I posted this as a project yesterday, but thought I'd follow up in the safety section as that is really the more pertinent location. Anyways, you can link to the project for all the construction details as well as a link to the very thorough resource from another woodworker used to base mine on. I took some liberties, but the concept is about the same. While it's not an Excalibur or Penn State version, I constructed it for about $30 since I had the long 2.5" Steel square tube on hand. The original author claims he spent $100. He used some larger/thicker parts than I did, however.

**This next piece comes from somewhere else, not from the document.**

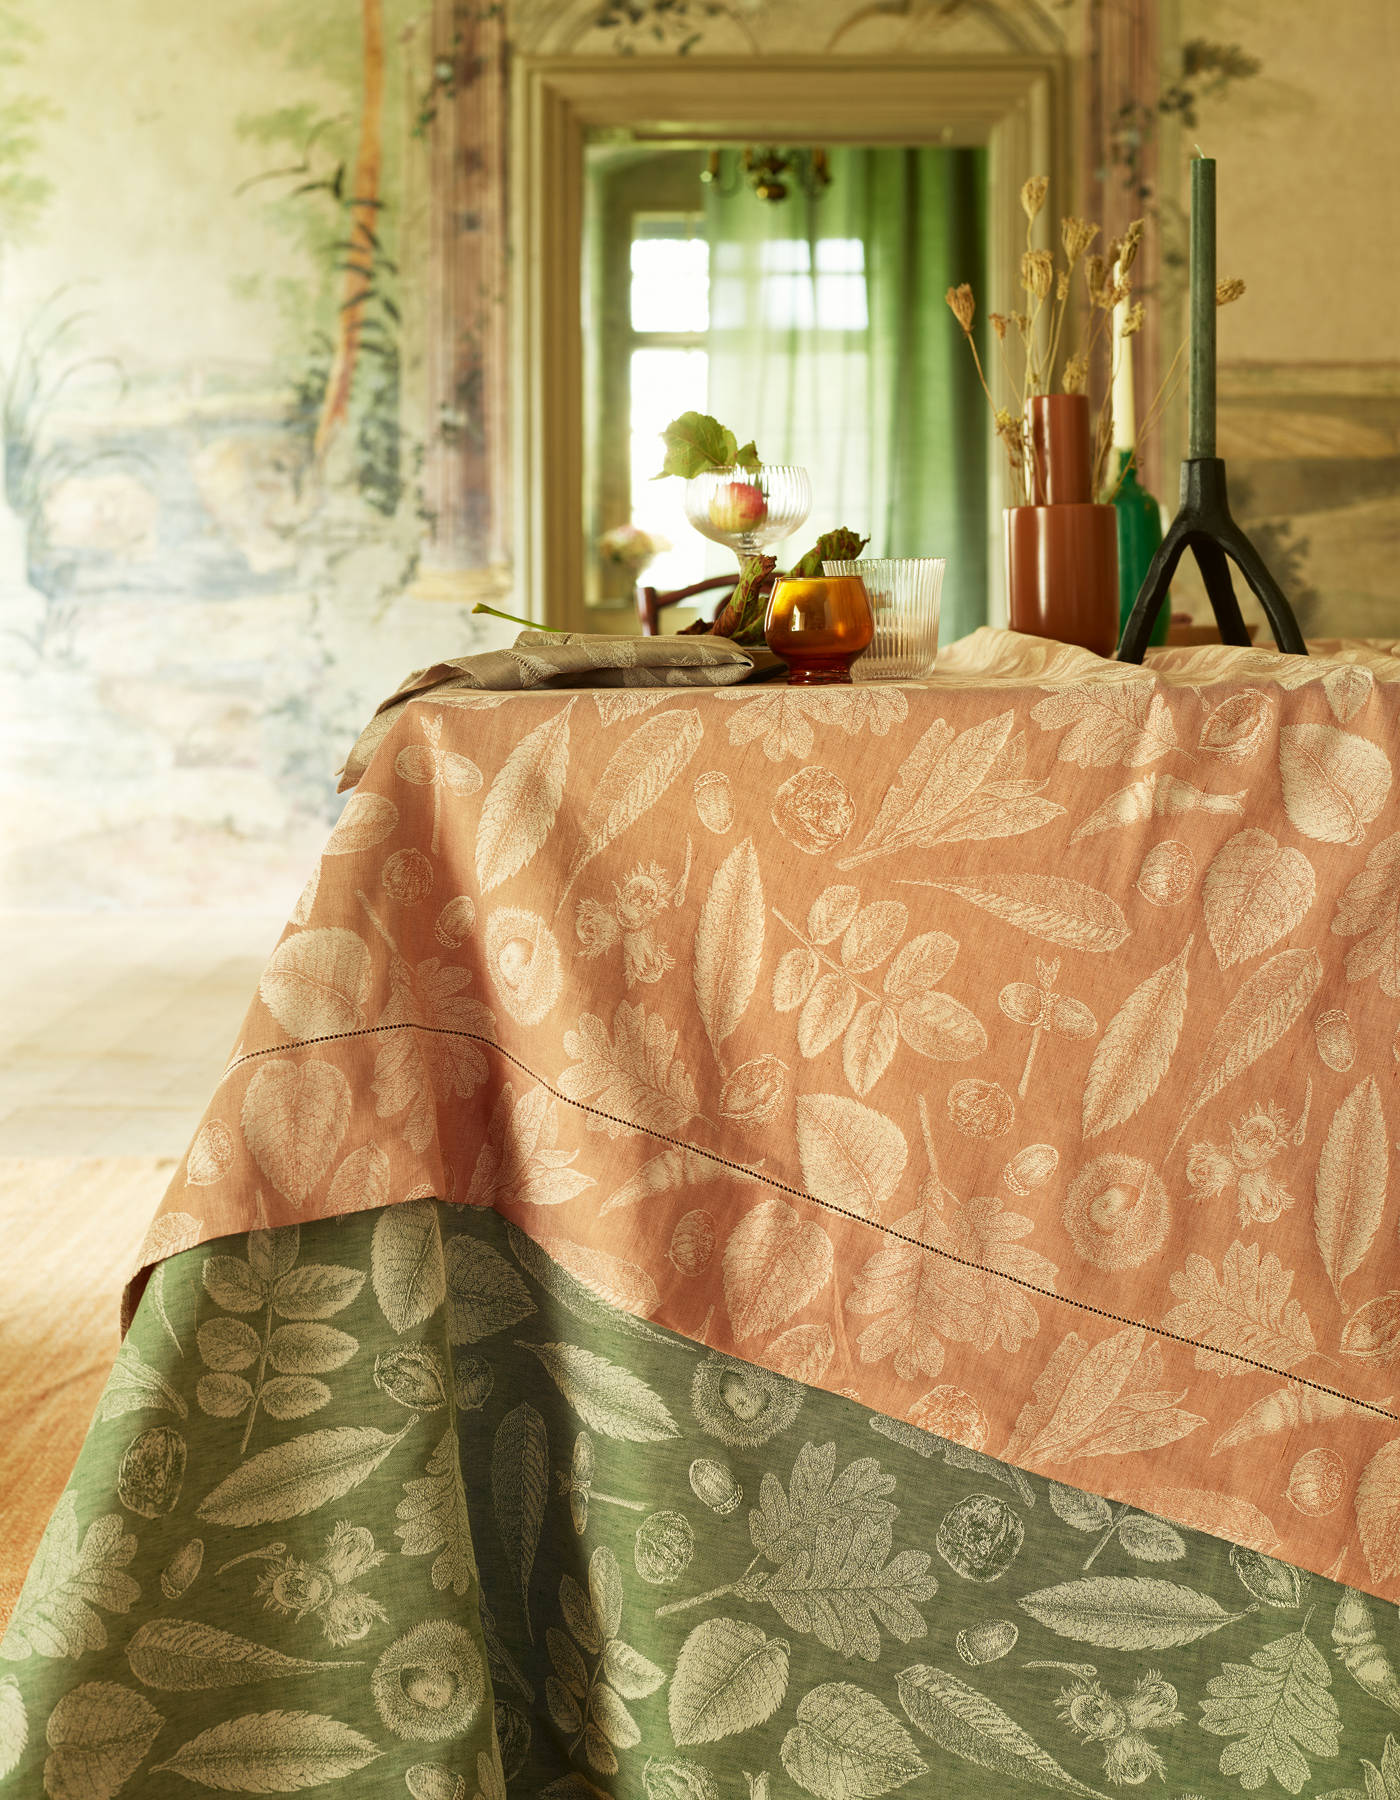 Discover our autumnal favourites for bed, table, bath and kitchen. A seasonal selection full of atmosphere.

Needless to say (but I will), Western Saw blade guard standards are terrible in comparison to those overseas. They are a pain to take on and off and restrict the wood more so than provide safety in many cases. If you are like me, your's didn't see much action. Recognizing the risks, I finally took the plunge and made the best compromise I've seen so far. Safety and functionality. Does it get in the way. . . somewhat. But, nothing in comparison. I timed myself removing it and it took about 30 seconds to loosen the two wing nuts. About the same to put it back on. Here are some photos (See project for larger images):

    

One thing I found right away is that a variety of push blocks and featherboards are paramount. They can reach under and around guards leaving hands free to move the workpiece without interference. I haven't made it a habit yet, so it still feels like it is taking longer. Hopefully that will change with time. I now keep them on hooks and magnets on the vertical support so that there is no excuse to grab one.

Dust Collection hookups are easy to add on. Cut a hole the size of the desired splice and drape the hose down the support. My DC cfm rating is preventing me from doing this until I get a better collector. I can't split the air flow and have decent suction in two places just yet. My middle of the row Shop Vac's do a little, but really not enough to make a permanent hook up.


----------



## Toolz (Feb 26, 2008)

Nice work Jeff. The second link in your post returns a"404 Not Found error".


----------



## Toolz (Feb 26, 2008)

I did find it by going to http://www.woodcentral.com/ and then doing a search.


----------



## USCJeff (Apr 6, 2007)

Thanks Toolz. Not sure what went wrong with the link. Here's the address: http://www.woodcentral.com/bparticles/overarm_guard.shtml

That'll take you straight to it.


----------



## croessler (Jun 22, 2007)

Very nice Jeff… I too am guilty of not using the mfg's blade guard at all times. It can be a royal pain in the rear sometimes. I will have to look into this design.


----------



## GaryK (Jun 25, 2007)

My factory guard is still in the box. Maybe I should look into this.


----------



## saddlesore (Oct 17, 2007)

Very cool, Jeff. Is is suspended from the ceiling or an attachment point on the saw body?


----------



## USCJeff (Apr 6, 2007)

Tom: It's attached to the ceiling. I cut the steel square tube at each corner to a depth of about 3". I then bent the (4) sides to 90 degrees. I drilled holes in for 6" lag bolts that attached to a plywood base. The base was screwed to ceiling joists. I cut a four 2X4's at 45 degrees to keep the assembly in place. They attached to the support and the plywood base.


----------